Created attachment 189039 [details] DOCX: Numbers 123 / ۱۲۳, and the text "C++" in Persian (Farsi) paragraph Description: While loading a DOCX file, sub-direction is lost in an RTL paragraph. An LTR part of an RTL paragraph is also displayed as RTL. This also affects the display of numerals. Steps to Reproduce: 1. Open LibreOffice and set the number display to "Context" 2. Open the attachment in LibreOffice. 3. Open MS Word and set the numerals to context in "File > Options > Advanced > Numerals: Context". 4. Open the attachment in MS Word. 5. Compare the display and output. Actual Results: The display of these in LibreOffice are completely different from MS Office. In LibreOffice, sub-direction is lost loading the file. C++ is rendered as ++C, and the 123 is displayed as ۱۲۳, which is incorrect.
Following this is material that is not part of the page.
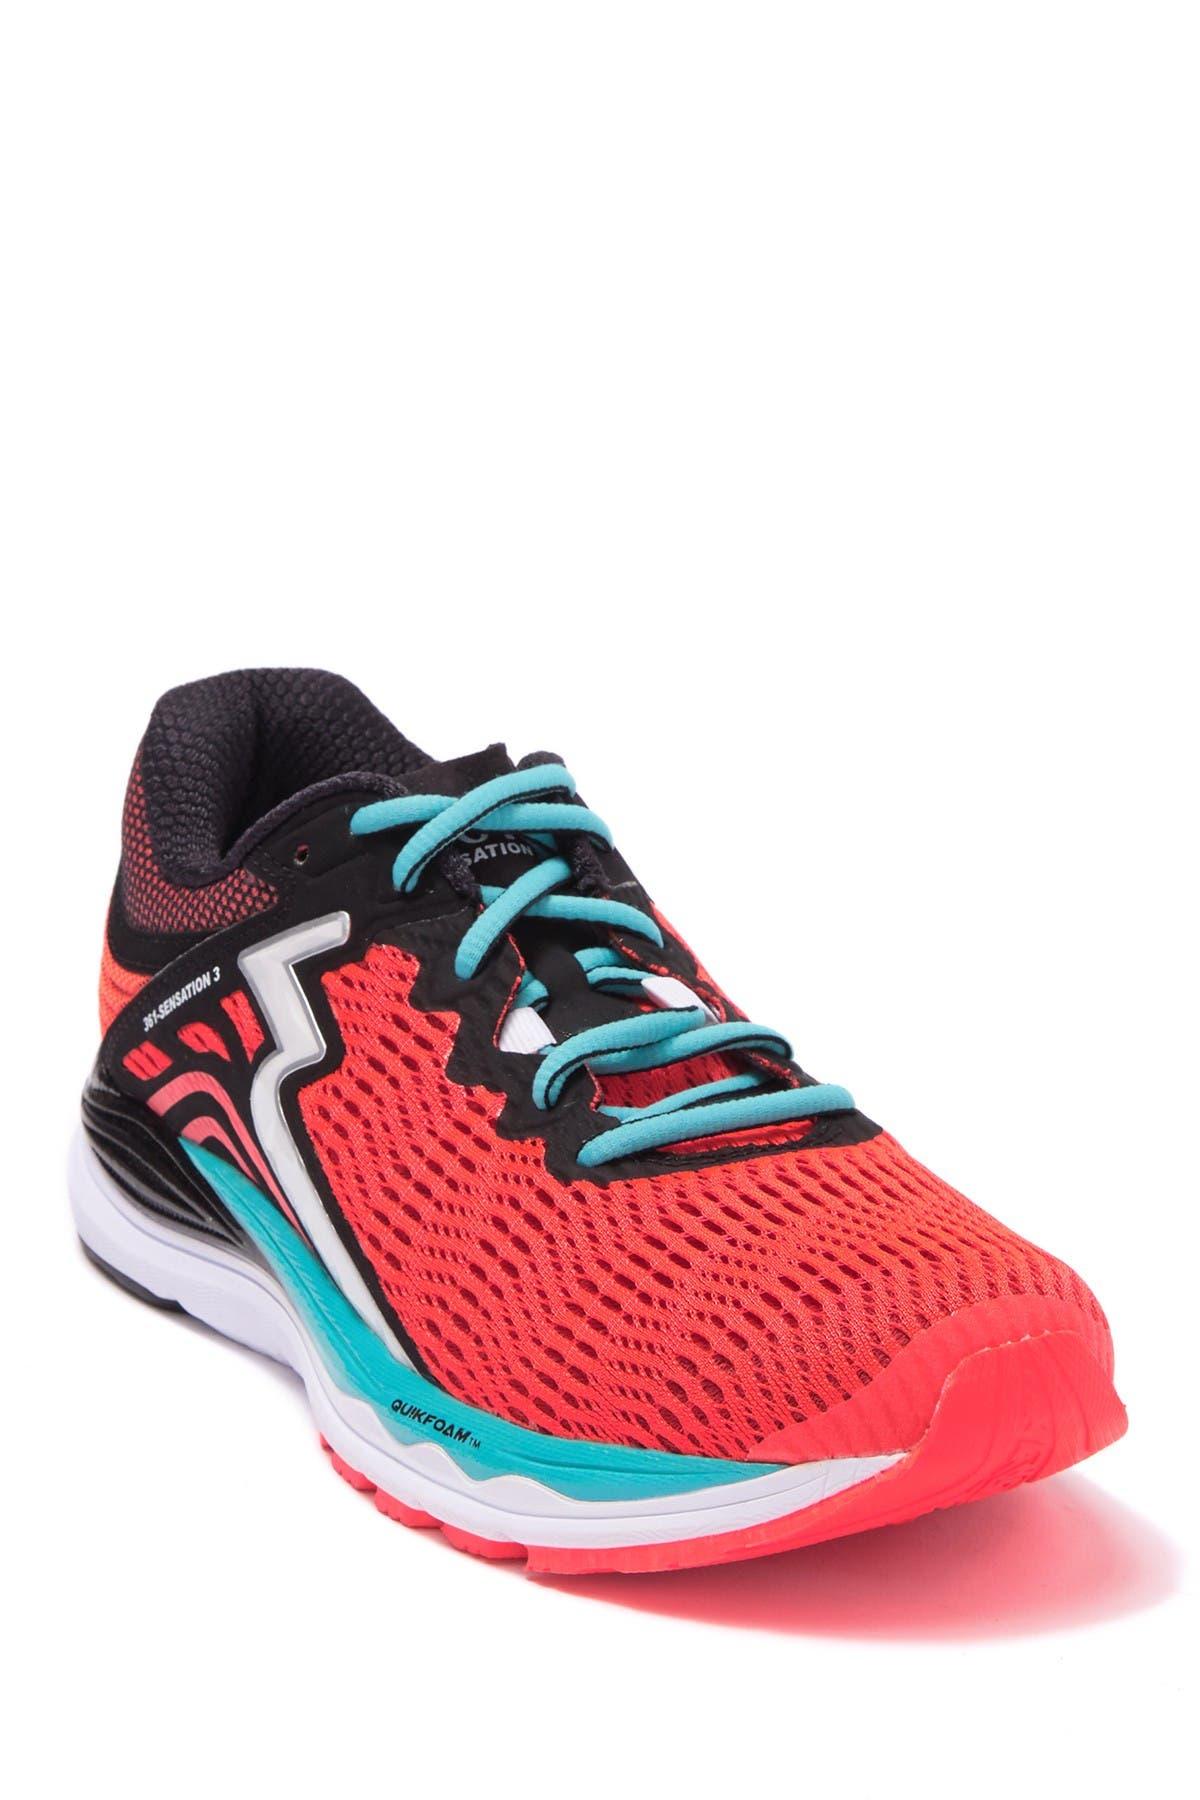 Image of 361 Degrees Sensation 3 Training Sneaker

Expected Results: The original document contains two numbers, one ۱۲۳ and one 123. Also, it contains the text C++. Reproducible: Always User Profile Reset: No Additional Info: Version: 24.2.0.0.alpha0+ (X86_64) / LibreOffice Community Build ID: 20f57e14362674d321ef184e1987f41a6418adc2 CPU threads: 20; OS: Windows 10.0 Build 22621; UI render: Skia/Vulkan; VCL: win Locale: en-US (en_DE); UI: en-US Calc: CL threaded
Created attachment 189040 [details] PDF output from LibreOffice
Created attachment 189041 [details] PDF output from MS Word
Created attachment 189042 [details] PNG: side by side comparison of the output from LibreOffice and MS Word
This can be hacked by surrounding the text with RLE/LRE and PDF Unicode control characters, but when exporting back we wouldn’t have a way to differentiate between this and user-entered control characters (though probably it does not matter in practice). Otherwise we would need an internal machinery to handle explicit direction of text portion which we currently don’t have AFAIK. This might be a duplicate of bug 156582 and possibly other DOCX-RTL issues that have the same root cause.
Created attachment 189043 [details] TXT: The output of saving the DOCX to a text file "Add bi-directional marks" should be selected during the export. In "File Conversion" dialog, the selected encoding is "Unicode (UTF-8)" in "Other encoding".